20 Comments For This Post I'd Love to Hear Yours!

  1. Lord Jezo says:

    I demand pics of your Zeus like body in spandex at a muscle beach.

  2. Karen says:

    You don’t even need to be at a muscle beach. How about you do the microwave dance in your spandex body suit?

  3. bikerbabeee says:

    oh I am DOWN with the microwave dance in spandex.. sign me up for the video of the month.!

  4. Chuck says:

    I see you’ve got your hand wrapped around some nuts in the photo there. The Nature Valley Roasted Nut Crunch Bars – for those who like sharing their nuts both ways.

  5. nicole says:

    wow, those nuts are really sparkley.

  6. jodie says:

    Congrats on the mention in Marie Claire. Looks like you will be getting many more readers soon!

  7. Aimee says:

    “more nuts than a NFL locker room” hahahahaaaaaaa

    Thanks for the review. I will probably try them. After all, who doesn’t like nuts in their mouth?

  8. Alisha says:

    I think those are the shiniest, hairless nuts I have even seen.

  9. demondoll says:

    Mmmm, all-natural sparkly and shiny nuts? And you dancing in spandex? You know how to make me so happy!

  10. Jen says:

    Loved the pun.

  11. Red Icculus says:

    The dented can store where I live has these for $1.25 a box, glistening nuts and all. Despite my sheer terror of diabeetus from the corn syrup, these are awesome.

  12. Melissa says:

    Love your site but your reviews are way too long. A short paragraph would be fine. Thanks.

  13. meech says:

    i have to disagree with melissa i love the long epic reviews.

  14. Earl Focht says:

    Red Icculus, you live in a dented can store?

  15. Karen says:

    yeah, I like the epic reviews. Maybe you could start releasing reviews on tape for those people who don’t like to read (or long-haul truck drivers).

  16. Marvo says:

    Lord Jezo – I don’t think I should because it would blind you.

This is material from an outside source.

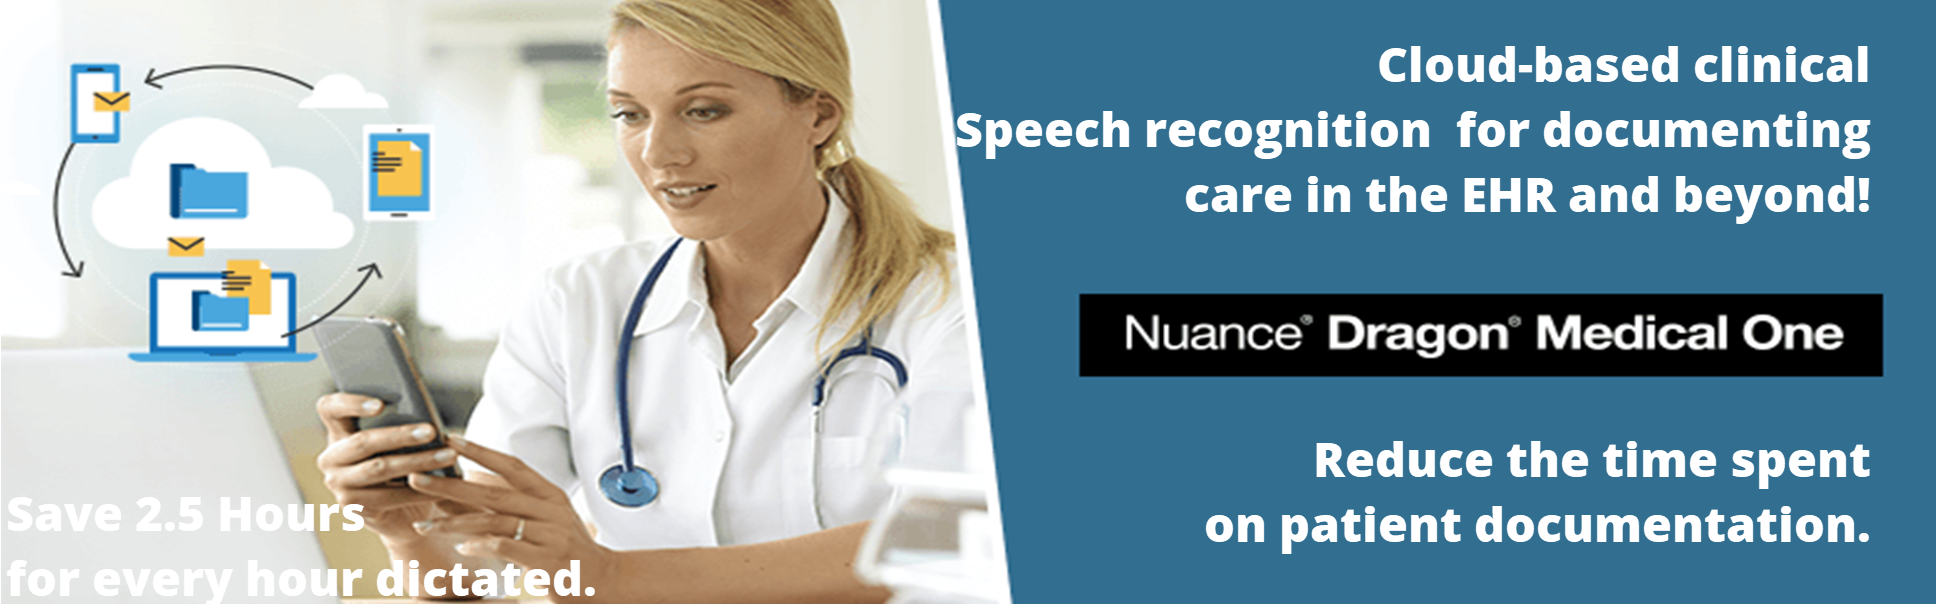 Reduce the time spent on patient documentation - Cloud-based clinical speech recognition for documenting care in the EHR and beyond.

    Karen – Way too much jiggling would be involved.

    bikerbabeee – There would be lumps and bumps in places there shouldn’t be lumps and bumps.

    Chuck – Every month I wrap my hands around some nuts to check for lumps. I know TMI.

    nicole – If only they were diamonds.

    jodie – Thanks. I hope so. Or I hope to get more beauty tips.

    Aimee – Nuts are good for you. But if you stuff too many in your mouth you might choke. So be careful.

    Alisha – If I drop them on my bathroom floor, they won’t be hairless anymore. I know TMI.

  17. Marvo says:

    demondoll – Me dancing in spandex makes children cry.

    Jen – Thanks.

    Red Icculus – I need a dented can store. Or a red tag store. Or slightly expired meats store.

    Melissa – Nothing is short about me and I like to bloviate.

    meech – I’ve been thinking about writing a four part review, but I think that would be too long or boring.

    Karen – Oooh, I smell possible podcast.

  18. luckinflux says:

    “curves like a roller coaster ” was creating a beautiful image in my head when one of my co-workers walked by and changed it to curves of a thousand roller coasters. Why are the women at my job so damn unhealthy.

    please…
    kill…
    me…
    now…

  19. Red Icculus says:

    @ Earl:

    Thanks holmes, as much as I am poor, I don’t live IN a dented can store. They offer sweet delicious nuts on the other side of the city.

  20. Marvo says:

    luckinflux – I think you need glasses with pictures of beautiful women affixed to the inside. That might help.